Es müssen Lösungen gefunden werden
Nach Auffassung der IWW sind nun Landkreis Wolfenbüttel, Polizei und Stadt Wolfenbüttel gleichermaßen gefordert, gemeinsam praktikable und wirksame Lösungen zu entwickeln. „Uns geht es nicht darum, Zuständigkeiten hin- und herzuschieben. Die Bürgerinnen und Bürger erwarten zu Recht Lösungen und keine Diskussionen darüber, wer am Ende zuständig ist. Aus Sicht der IWW darf das Thema nicht länger zwischen verschiedenen Behörden hin- und hergereicht werden. Landkreis, Stadt und Polizei müssen gemeinsam Verantwortung übernehmen und praktikable Maßnahmen auf den Weg bringen. Für die Menschen in Wolfenbüttel zählt das Ergebnis – nicht die Zuständigkeitsfrage“, betont Florian Weiss.
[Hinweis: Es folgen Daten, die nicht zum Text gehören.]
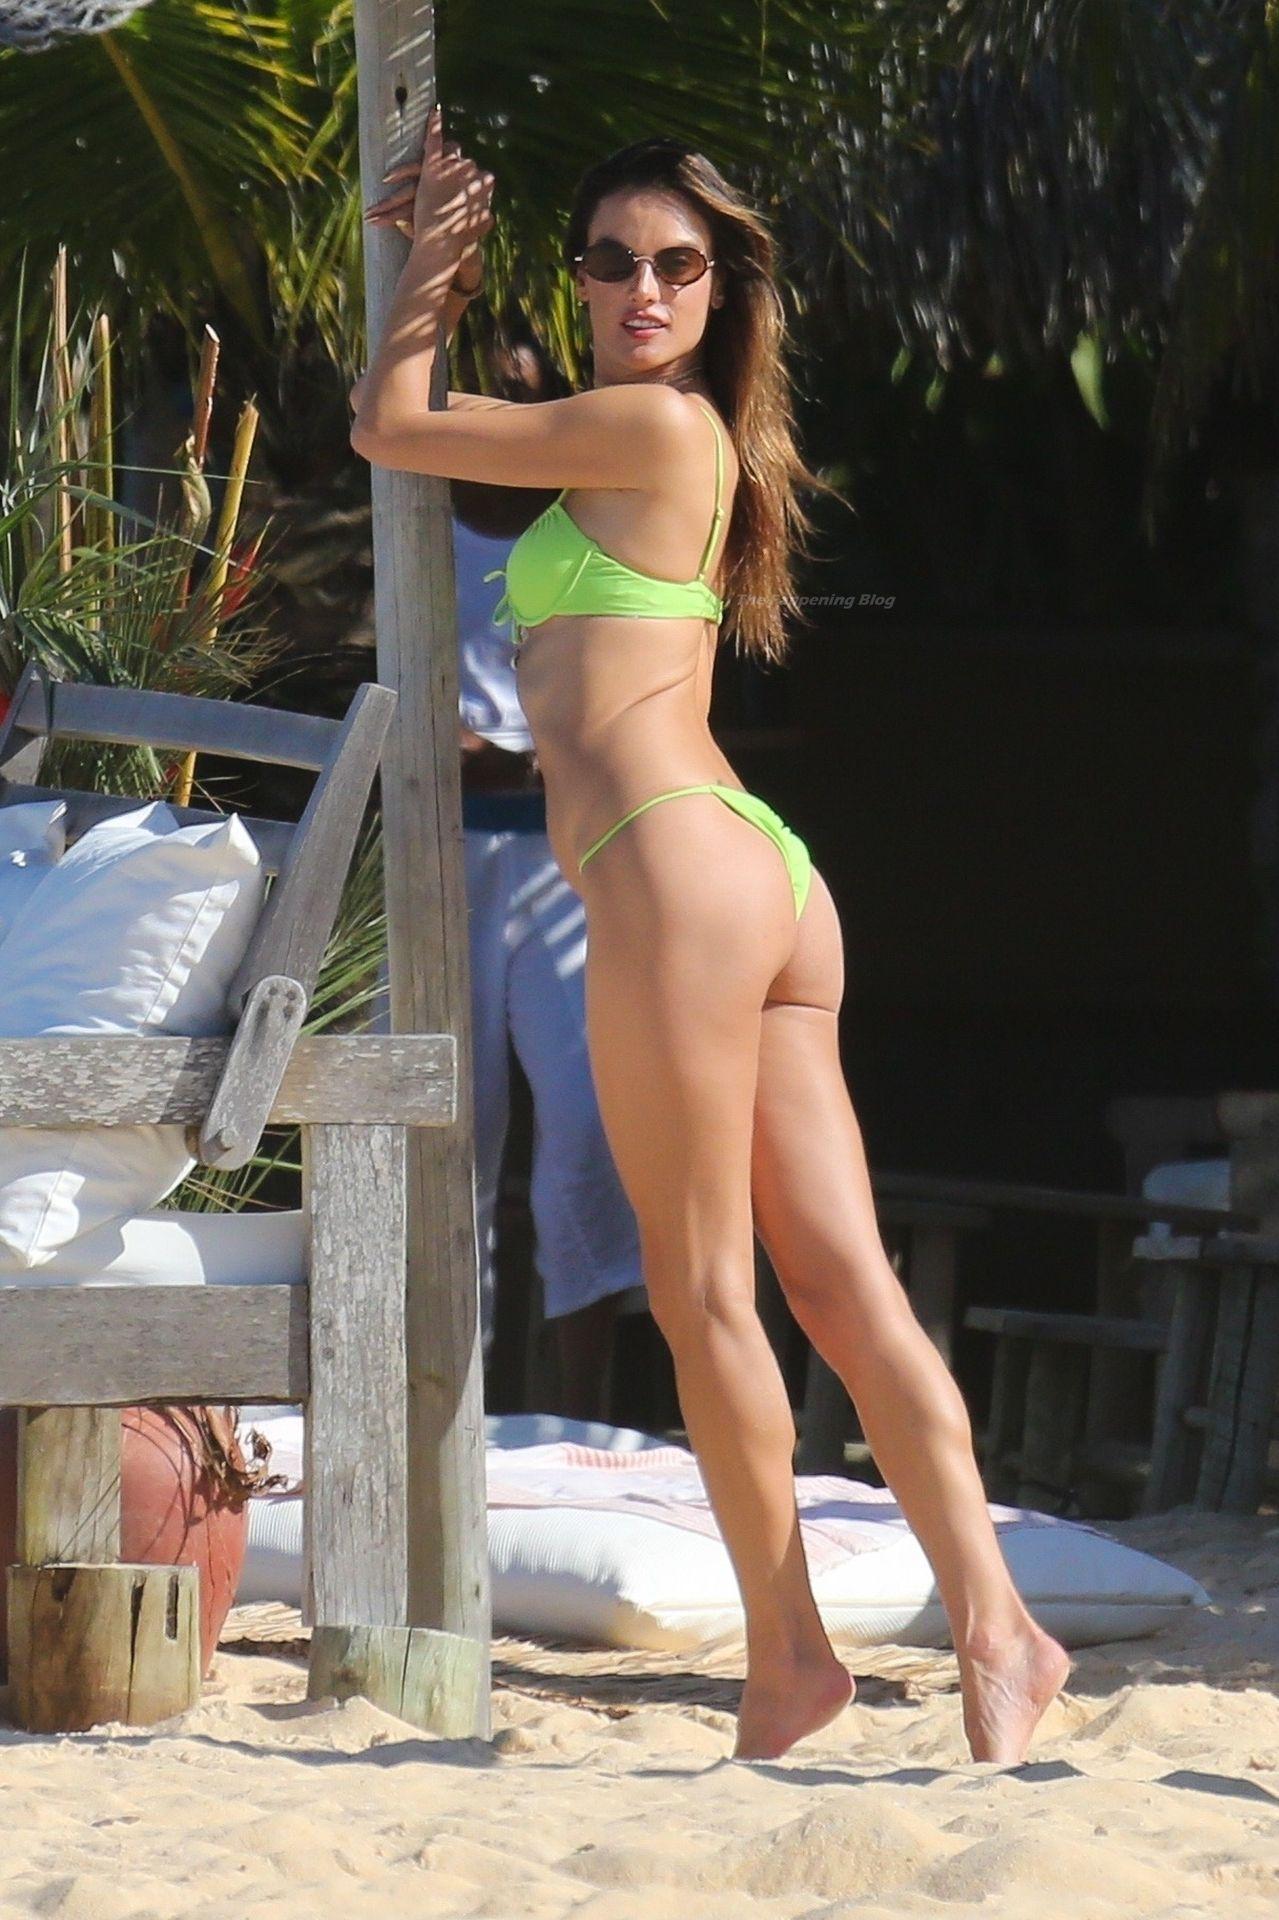 Alessandra-Ambrosio-Sexy-The-Fappening-Blog-241.jpg

Die Initiative Wirtschaft Wolfenbüttel fordert daher, die Situation zeitnah auf die politische und verwaltungsseitige Agenda zu setzen und gemeinsam mit den zuständigen Stellen konkrete Maßnahmen zu entwickeln. Ziel müsse es sein, die Sicherheit in der Fußgängerzone nachhaltig zu erhöhen und den Erfolg der Innenstadtsanierung langfristig zu sichern.
„Die Hinweise liegen seit über einem Jahr auf dem Tisch. Jetzt müssen den Worten endlich Taten folgen. Die Menschen in Wolfenbüttel haben ein Recht auf eine sichere und regelkonforme Fußgängerzone“, fasst Volke die Forderung der IWW zusammen.